- Service: Tax, Budget 2013
- Type: Press release
- Date: 20/03/2013
Following consultation launched in February, the Government has confirmed its intention to introduce rules as of 1 April this year which will require companies bidding for Government contracts to certify whether or not they have been involved in failed tax avoidance schemes. Today’s budget includes some significant changes to the original proposals.
Commenting on the amended proposals announced today, Chris Morgan, head of tax policy at KPMG said: “The changes announced today show the benefit of an open and constructive dialogue between HMRC and business. The stated intention of the new rules is to change future behaviour, to ensure companies bidding for Government contracts do not engage in tax avoidance, contrary to thre intention of Parliament. But as drafted they were so wide and unclear in scope that either it would have been impossible to apply them or they would have resulted in lengthy legal disputes. Either way this would have been bad for business and the Government. The changes bring much greater clarity and mean suppliers should be able to get on with their business of proposing for contracts while the Government can ensure companies do play by the tax rules.”

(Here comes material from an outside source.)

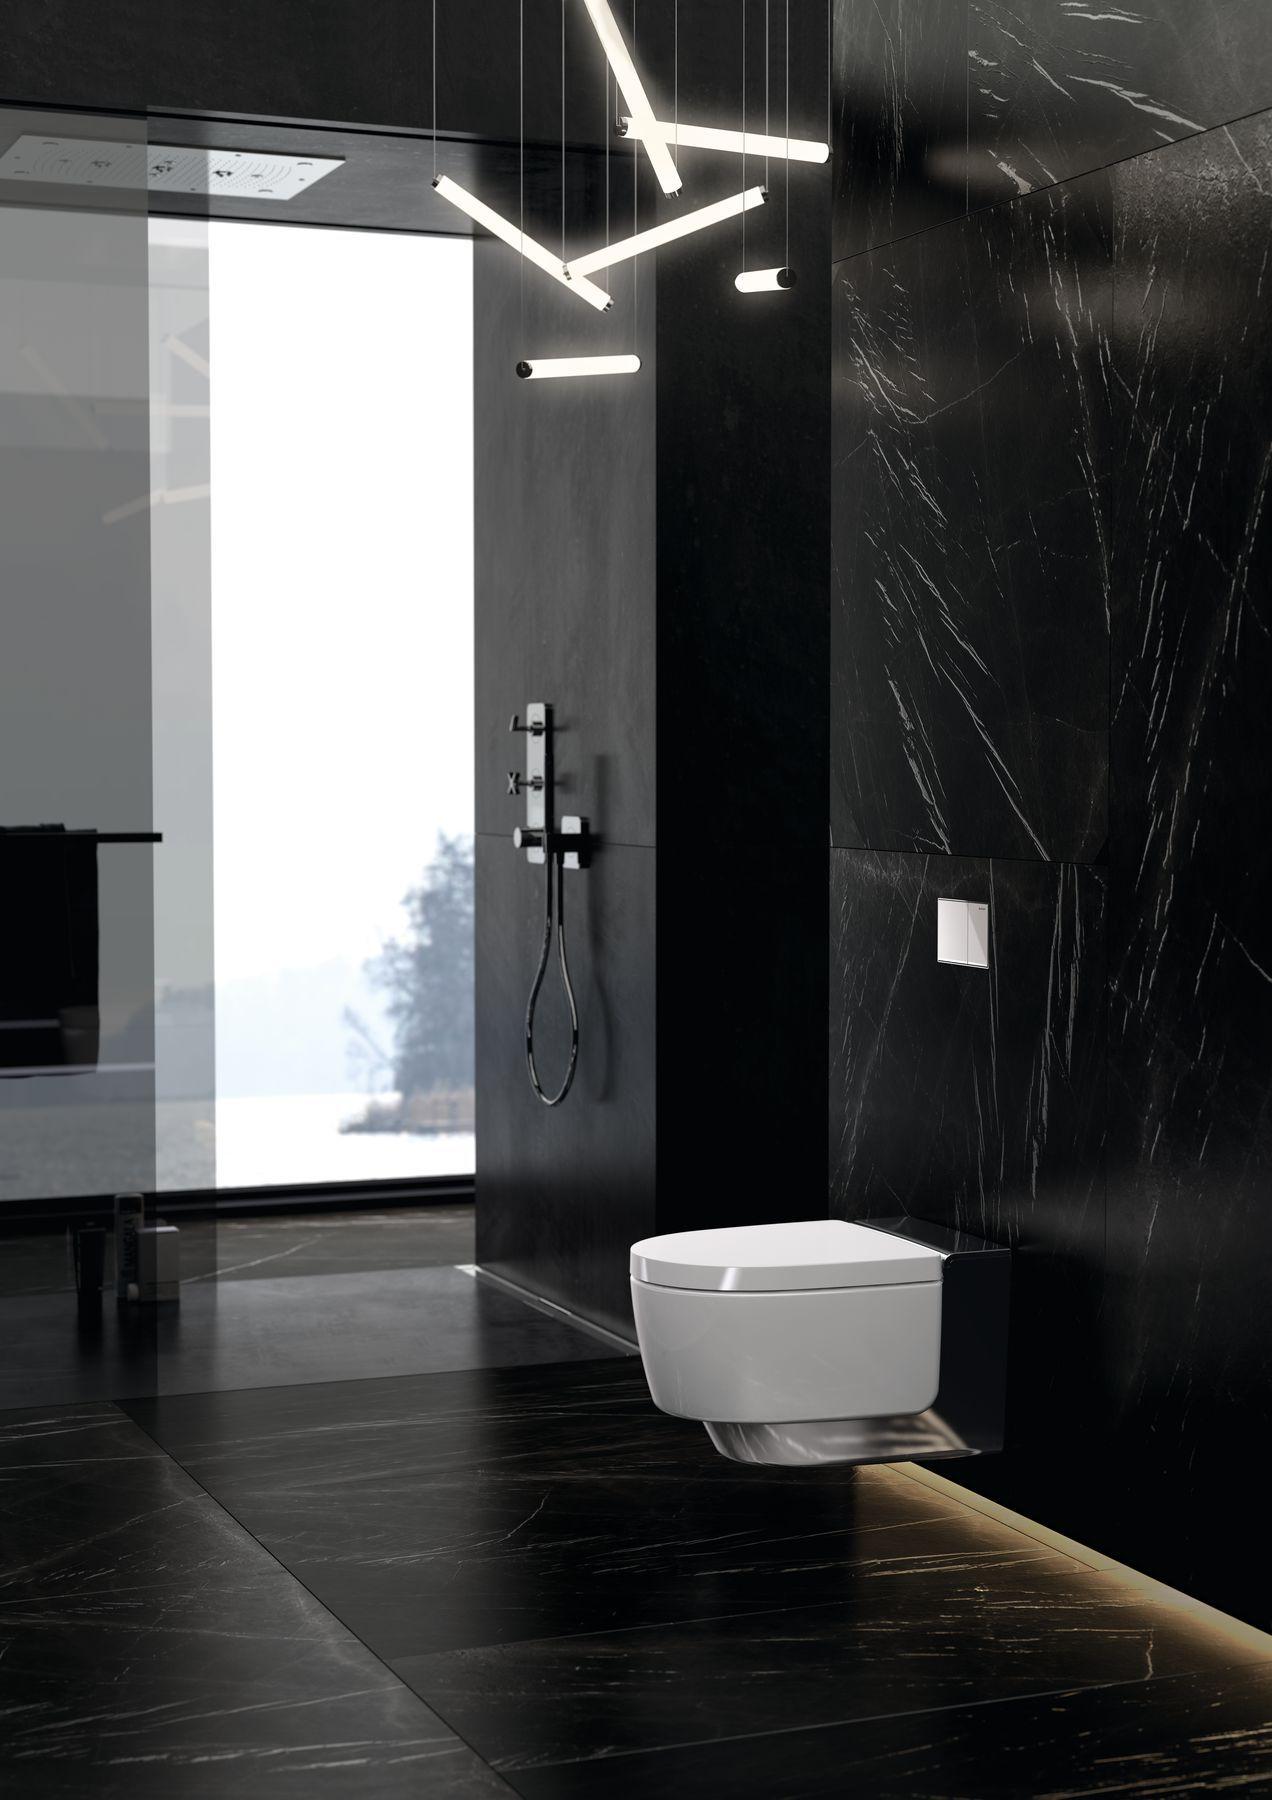 Badkamer Met Toilet Met Douchewc Geberit Aquaclean Mera Douchewc Toilet Badkamer Geberit Badkamer Zwart Badkamer Modern Moderne Badkamer Verlichting

The changes to the original proposals are significant. In particular:
- Most importantly they will only apply to events of default after 1 April 2013. The original proposal required companies to go back 10 years to identify such events.
- The definition of event of default is clarified. This occurs when a company has to amend its tax return due to the application of the new general anti-avoidance principle (GAAR), the Halifax Abuse principle (relevant for VAT), entering into a scheme that has or should have been notified to HMRC under existing anti-avoidance rules (the Disclosure of Tax Avoidance Scheme or DOTAS rules) or a conviction for tax evasion.
- It is the “economic operator” as defined by procurement rules that has to make the certification and it is not necessary to consider related companies.
- Foreign suppliers will only have to certify compliance with overseas rules only where equivalent rules exist.
- The threshold will be contracts worth £5m.